There will be no one such thing, I’m afraid, because we aren’t a monolith.

I would gently say that if you ask people “do you want a more realistic game”, they are generally going to say yes, perhaps also including cis players who play nonbinary characters who may not feel the same personally-affected strength of feeling in either direction as a nonbinary player. I would be interested to see what a response to “hey, nonbinary players, if you’re playing a nonbinary character do you like there being the chance of your character being misgendered” might look like.

Regardless: I don’t think giving a nonbinary character negative experiences is the perfect, or the only, way of providing a sense of authenticity in a game. I would love to see more space in these discussions for other kinds of specificity that can bring that sense. And if negative experiences are included, then it’s worth considering what other, varied experiences can be drawn on. Being nonbinary (even in a transphobic setting!) isn’t just about people misgendering you.


The problem is there are barely any IFs that deal with transness in a realistic (as in makes sense) and detailed way, let alone nonbinary transness. (And btw I don’t think I’ve ever heard people complain about those. When I wrote MC’s childhood as having faced queerphobia from their parents, I’ve had people comment that it was shocking to see something so “real” but also that they also felt seen.)
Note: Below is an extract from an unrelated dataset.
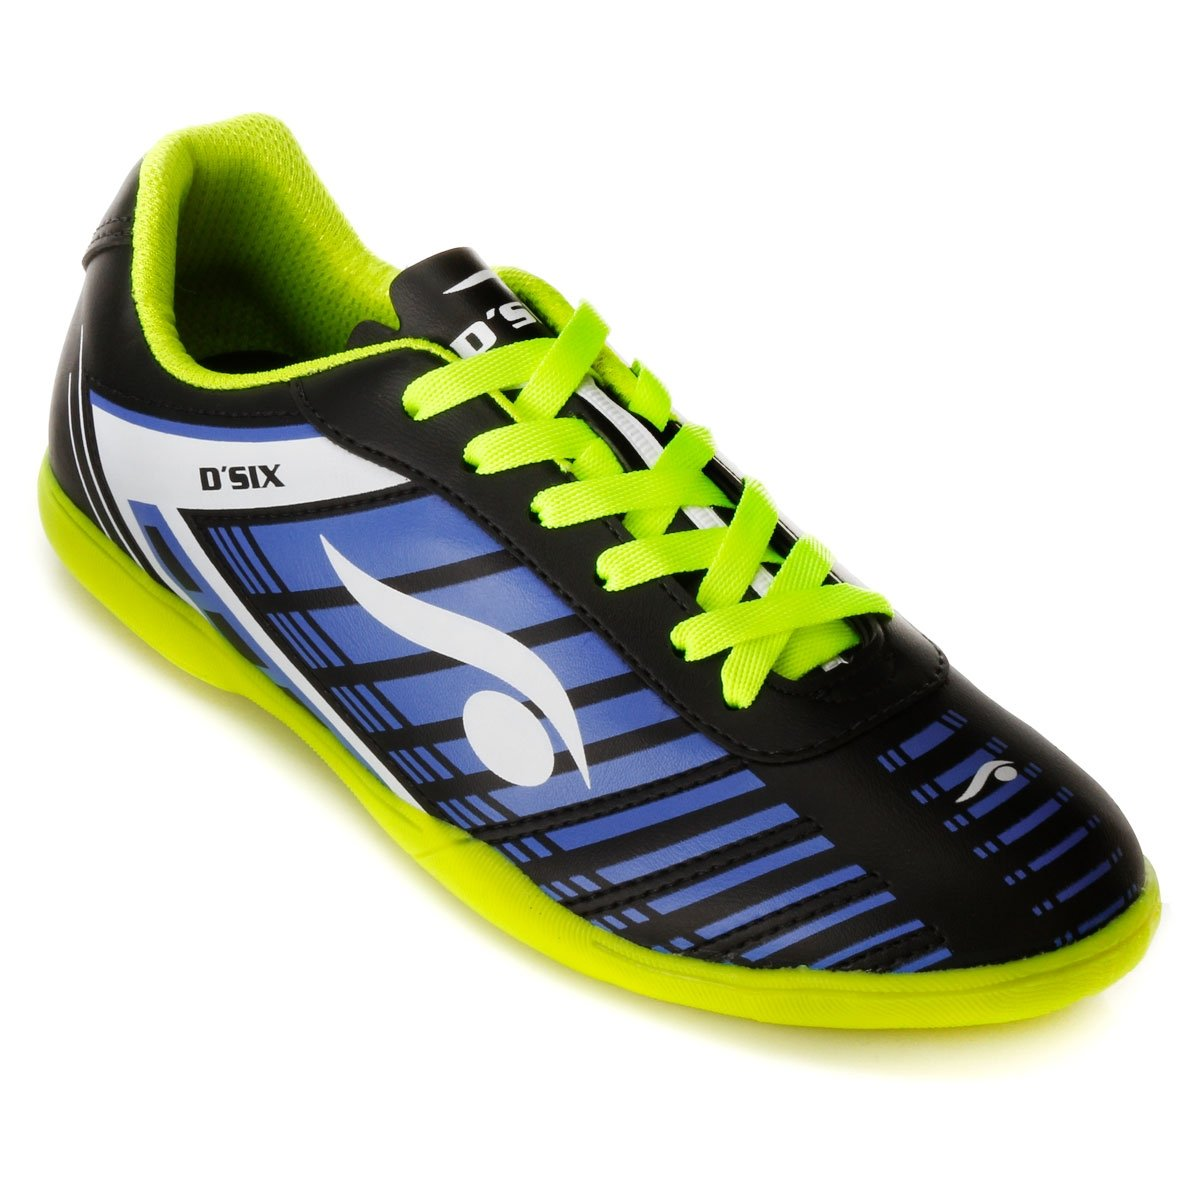 Tênis Futsal Dsix D17-6202 - Compre Agora  b1132a9b44517

As @Eiwynn said, people don’t generally know what they want until they’ve got it. And if something is done well, it’ll be well received. But it needs to exist first for it to be judged.


Ah - hello! I wasn’t expecting a reply from an author I recognize XD

I’ll admit I have read the demo for Honor Bound, and though I wrote my description as being as vague as possible, I may have subconsciously recalled your game at the time that I was writing it. (Love the WIP thus far btw).
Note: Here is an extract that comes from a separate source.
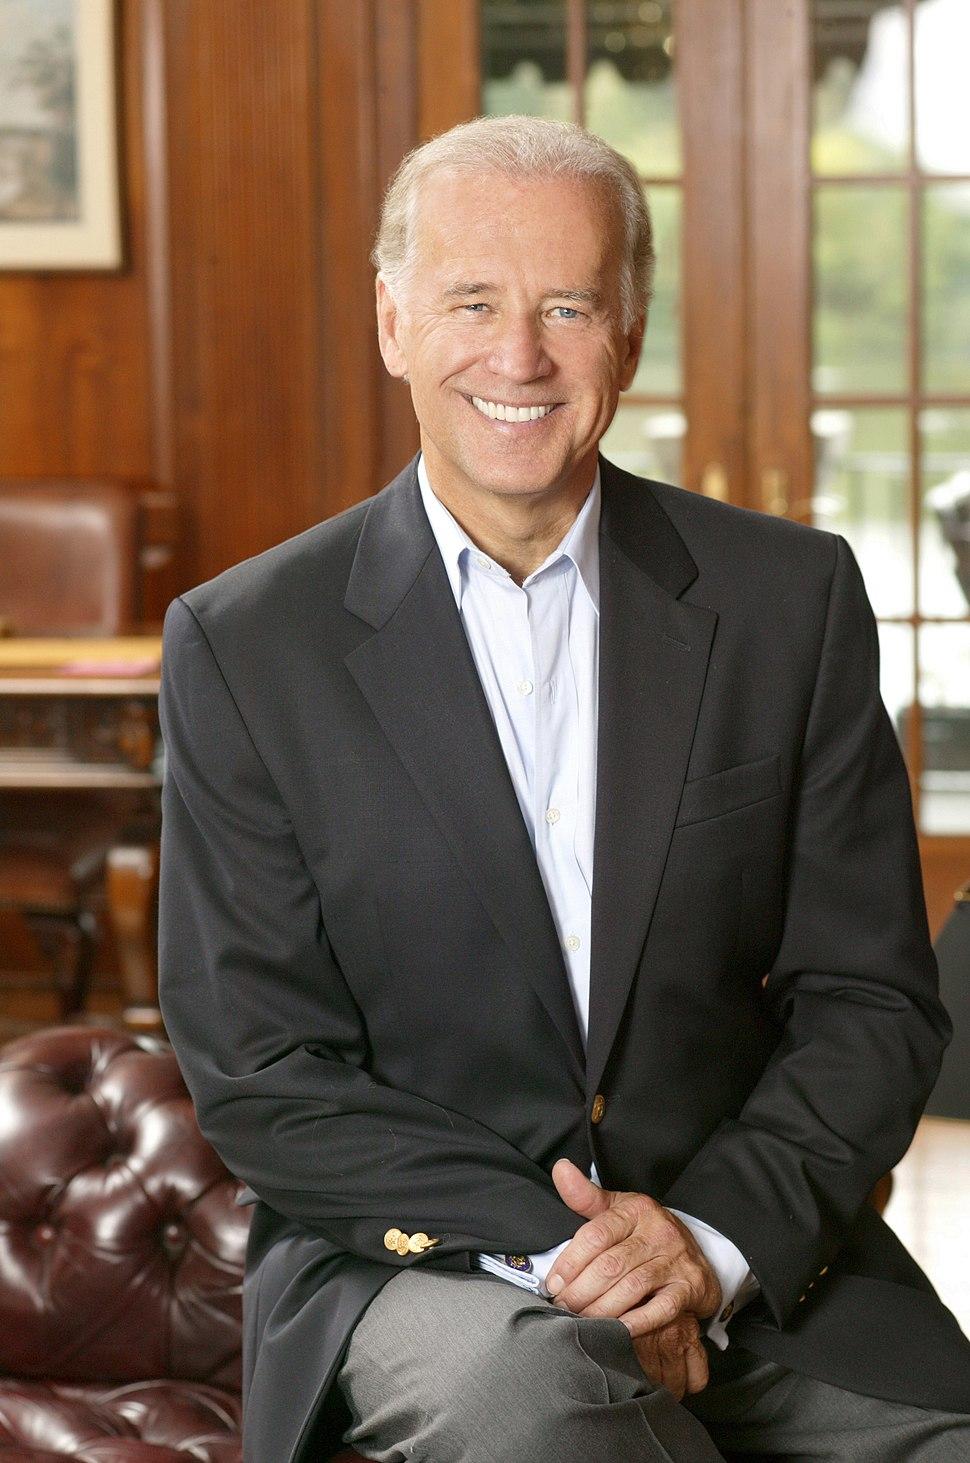 Joe Biden, official photo portrait 2

There are certainly other games I remember playing that do similar, though. (If I remember correctly, I think Fallen Hero includes this in the sequel? I’ll admit, worth it if only for a scene I remember, wherein you can hijack a group of surgeons and force them to perform surgery on you. The imagery/scenario is just hysterical, ngl)

I’d say that Honor Bound includes more narrative moments that bring up the MCs gender than many other works I’ve seen, even if not yet referencing more physical traits. I’ve so far been pleasantly surprised by moments such as when Catarina makes an off-hand statement of her parent’s transition and we get the option to react/notice it. And then later on, speaking more with her parent and being able to chat about it (I believe during the camping scene…? If wrong then sorry, my memory is crap).

And while I love to complain (seriously, I’ll harp about anything given half a chance), I’d also like to say that… I’m honestly just happy for NB options at all. Even the ones w/ complicated character creations, or the ones that mostly overlook the identity. I feel like there are more and more published games that exclude nonbinary options entirely. Which I feel is a shame, because this is such a queer-dense platform for artistic expression. I may not have been here since the beginning of the beginning, but I certainly remember being drawn in by Choice of the Dragon, and recall when Choice of Robots was still mostly newish. The queer-inclusivity always seemed to become greater and greater since those starting points, only to seemingly dip with more recent games.

I wouldn’t want anyone reading from this forum to feel discouraged from including NB main characters, even for reasons that I may have mentioned, myself. Certainly not when tackling a project with branching narratives (seriously. I’m trying to write my own linear story and it’s not easy, I cannot imagine the challenge with some of the WIPs I’ve being reading O_O"). These forums are one of the only places I find books and stories including non-binary characters and protagonists, and I think that’s a truly special thing, flawed depictions or not.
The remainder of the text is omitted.